目覚めた後に優しく微笑むぐらいの気概があってもよさそうなものだが、と新城は歩きながら自嘲する。自分にせめてあの保胤の10分の1の甲斐性があったら。やはり、小胆だ。
彼がそのつもりで自分を誘ってくれたわけではないという事は分かっていた、だから尚更腹が立ったのだろう。 もとは彼の誘いを断るつもりだった。 最後までまともでいられる自信がなかったからだ。もちろん、いられなかった訳だが。 行く事になってしまったのは、彼の義兄のせいだ。どうやら自分が出かけている隙に彼から使者が来たらしかった。 女が書いたかのような風体の文に(彼の奥方が代筆したらしい)、義兄は即座に物事を曲解した。 そうか、あいつにもとうとう女ができたか。 彼は文を持ってきた使者に、内容も読まずに「行く」と返事をして帰してしまった。

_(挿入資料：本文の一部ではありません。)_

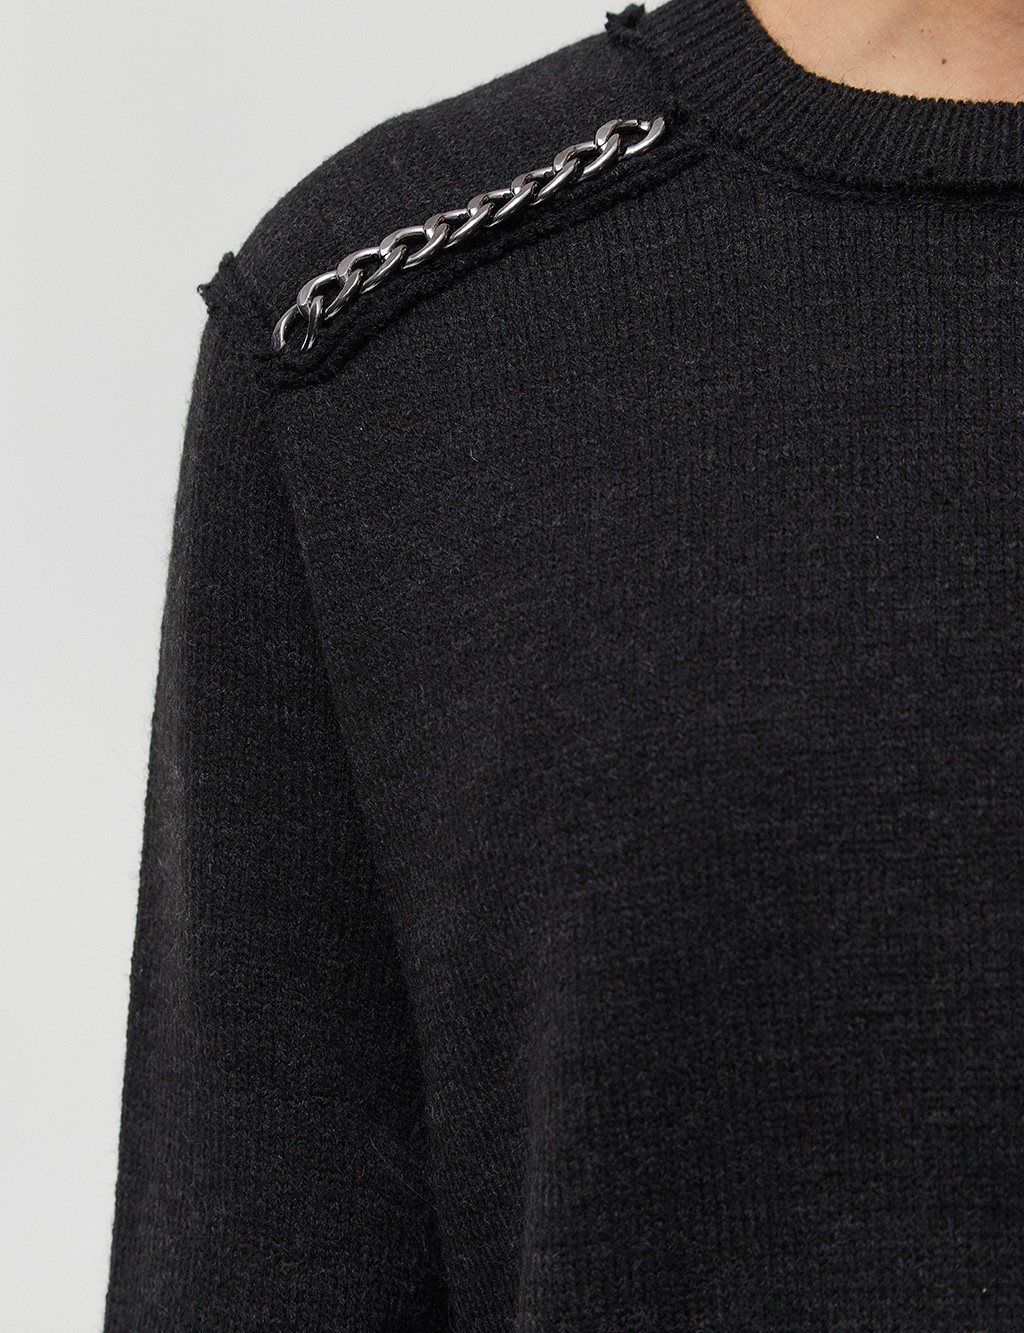 Chain Detailed Reverse Stitch Knitwear Tunic Black
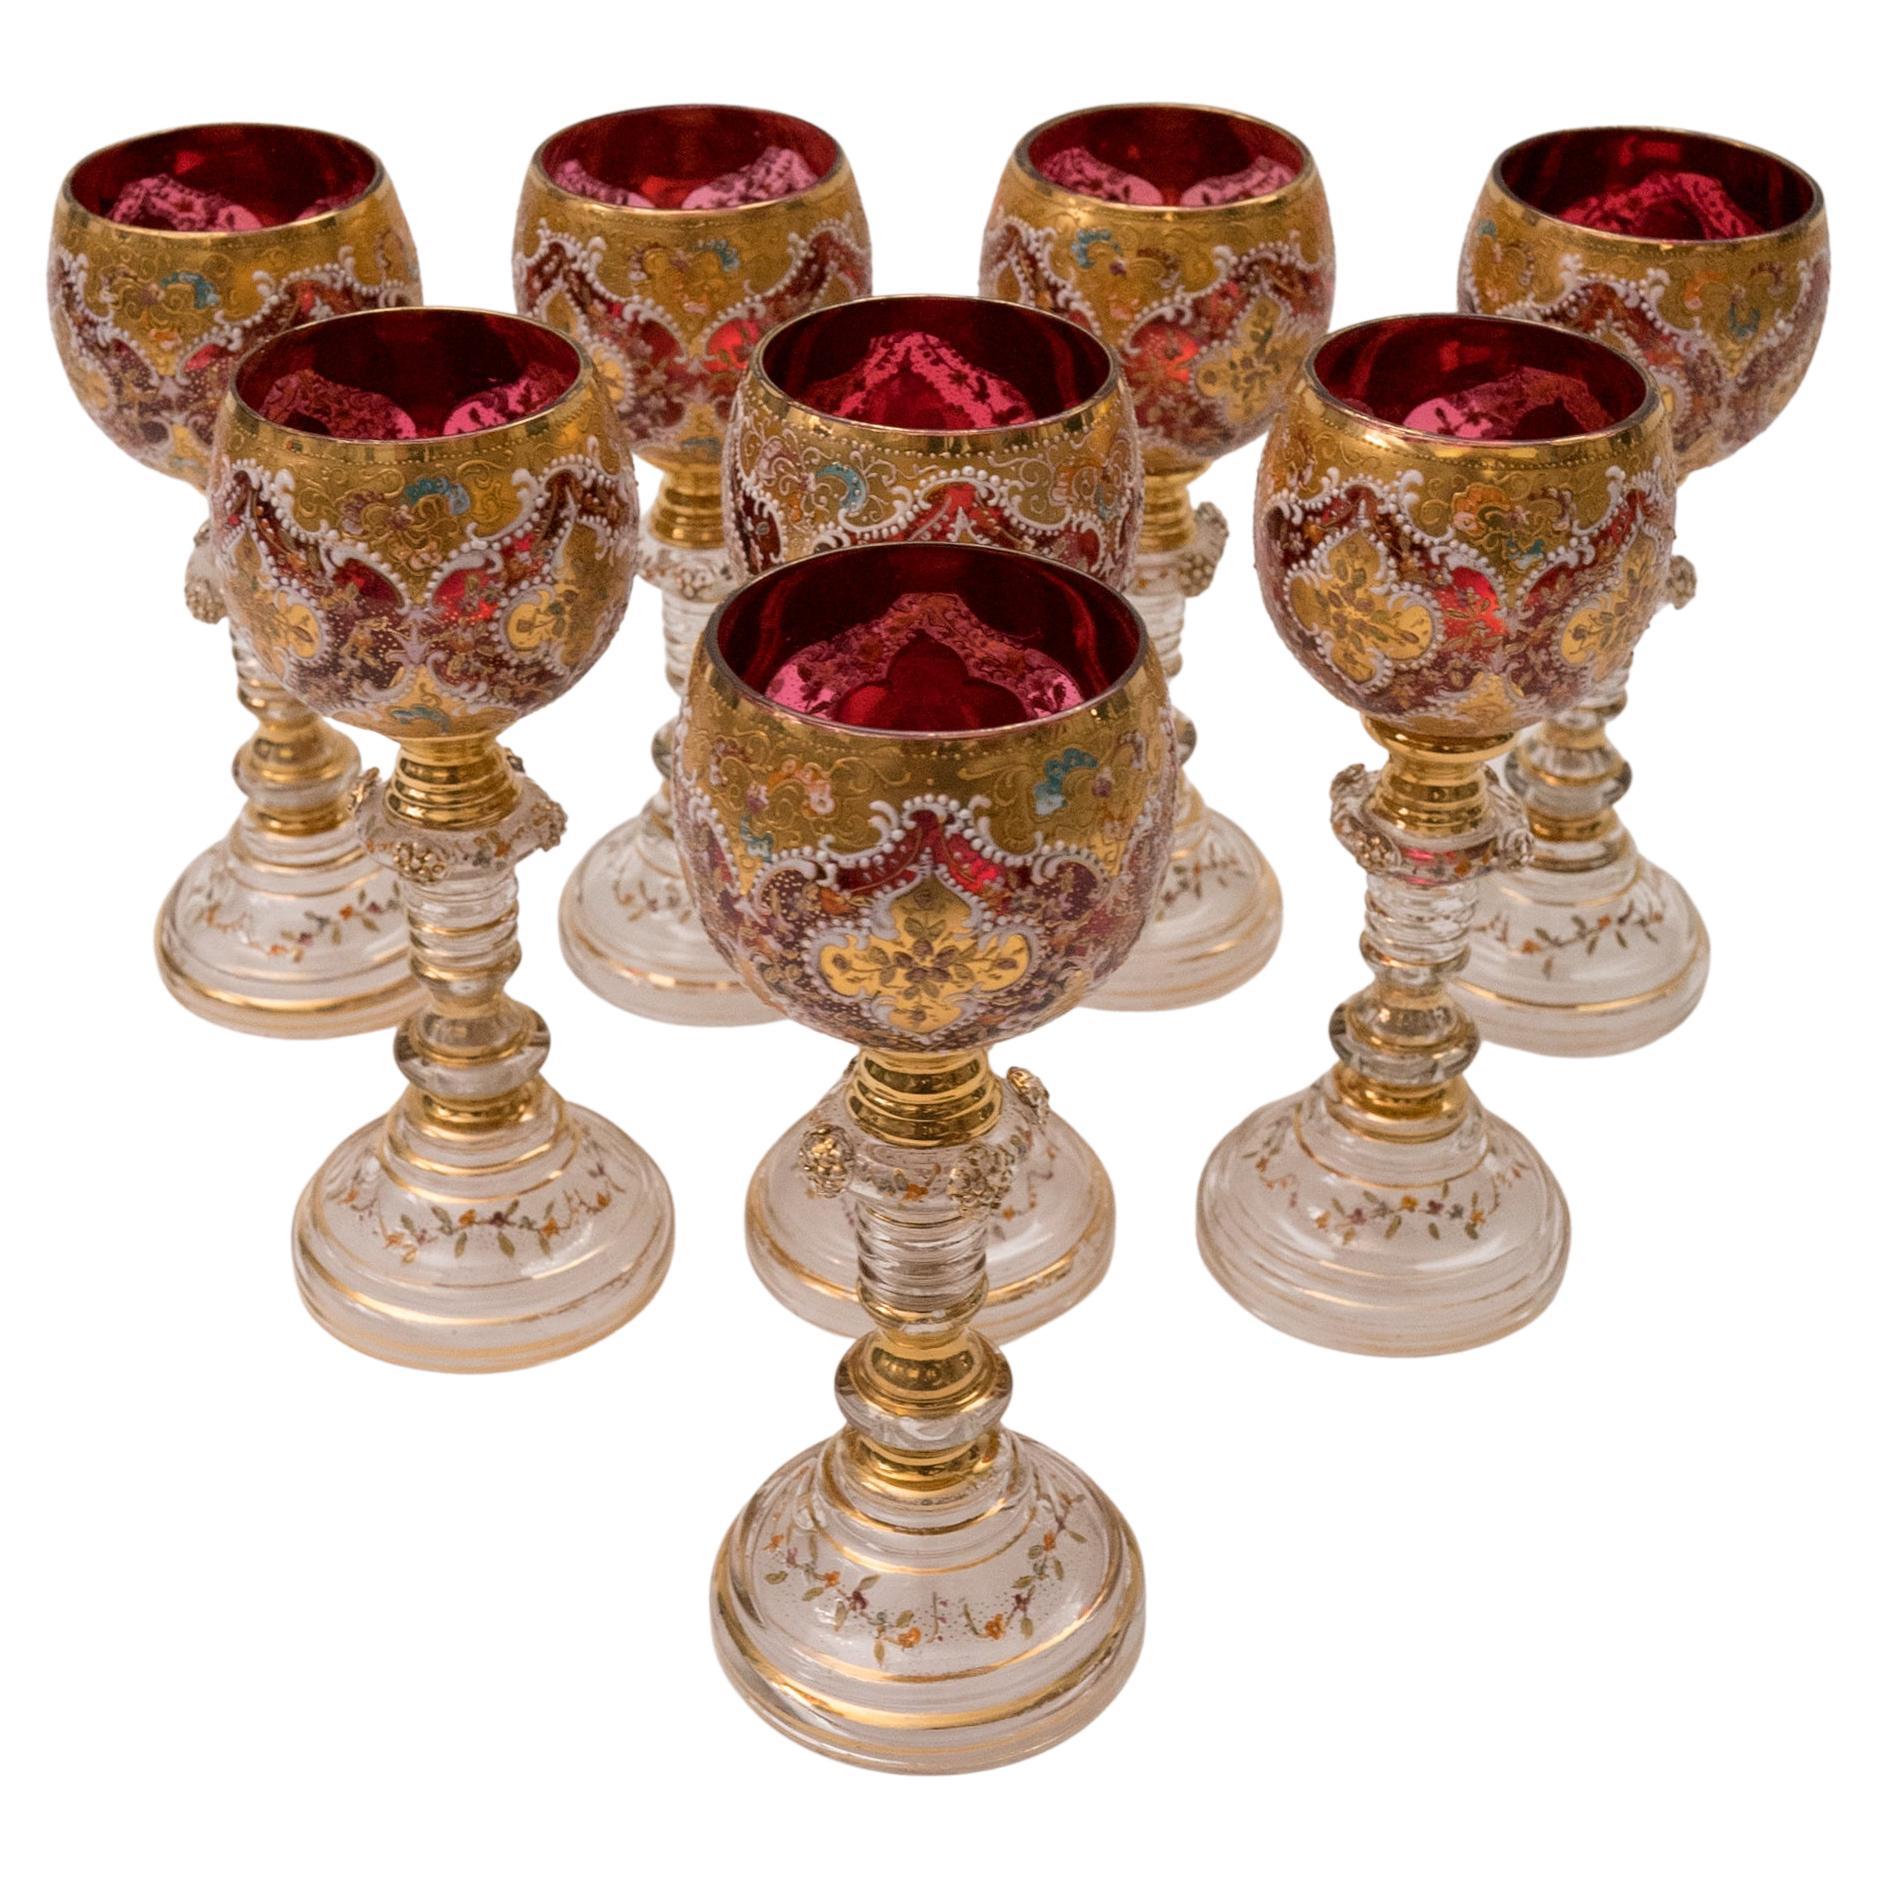 8 Exquisite Antique Wine Goblets, Moser Circa 1880, Ruby Color Detailed Enamel

*** 「義兄上、貴方はどうしていつもそうなのですか」 こめかみを押さえながら、新城はそう言った。 「留守中使者が来たらお断りしてくださいと、そう申し上げた筈ですが」 「いいじゃないか」 新城の義兄、保胤は快活に笑った。 「お前は大体女に対しては奥手すぎる気質がある。誰かが背中を押してやらん限り、踏み出せんのだろうが」 「・・・僕はもう子供ではありません。そういう事は自分で判断します」 相手は女ではありません、とはどうしても言えなかった。 「それに、そういう内容の文でもありませんし」と、新城は出来るだけそっけなく言う。 「それこそ、何故断る必要がある?お前の労苦をいたわるものなら遠慮せずに甘えればいいではないか」
甘えてしまったら、戻れなくなる。
新城は喉まででかかった言葉を呑み込んだ。そうなってしまったら、もう「少佐」と「中佐」ではいられなくなる。全てを欲するようになる。 そうなった先は、火を見るより明らかだ。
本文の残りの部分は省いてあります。